А сегодня с утра стали поступать сообщения о том, как матери в отчаянии сажают своих детей в поезда, вверяя их в руки совершенно незнакомых людей, лишь бы спасти от грядущей беды. Maman непрестанно всхлипывает. Она худеет и сохнет на глазах, став уже такой изможденной, что кости на лице проступают из-под кожи. И кашель у нее с каждым днем все сильнее. Она отказывается показаться врачу, с пугающим спокойствием уверяя меня, что это все равно ничего не даст. Между нами нет больше никакого притворства. Она умирает, и все, что мне остается – это наблюдать и ждать.

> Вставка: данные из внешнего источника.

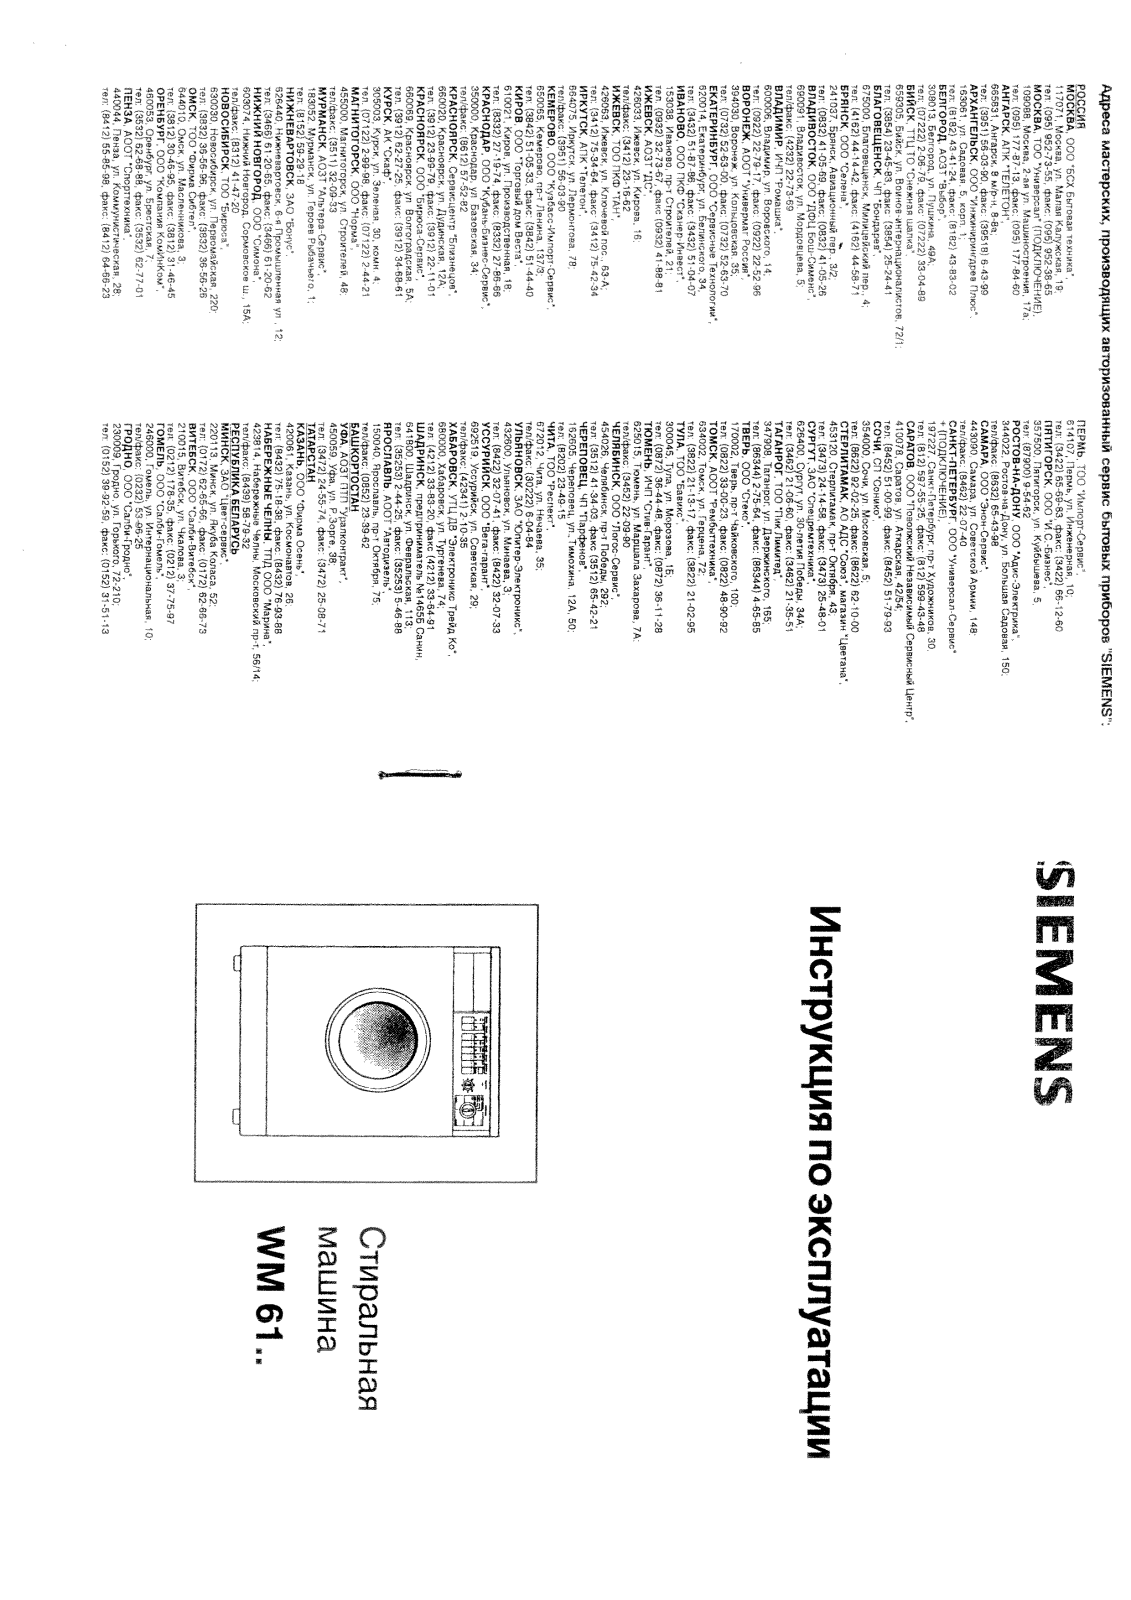 Siemens WM61201 User Manual

– Будем надеяться, это не скоро еще произойдет? – спрашиваю я, когда Maman выключает радио и осторожно откидывается спиной на подушки. – Я имею в виду, когда они заявятся в Париж.

Она отворачивает голову, протяжно кашляя в носовой платок, и от этого хриплого, надрывного клокотания становится измученной и бледной.

– Они с каждым днем все ближе. И не остановятся, пока не заберут себе все.

В ее ответе ничего нет удивительного. Примерно то же самое говорят и на Radio Londres [17].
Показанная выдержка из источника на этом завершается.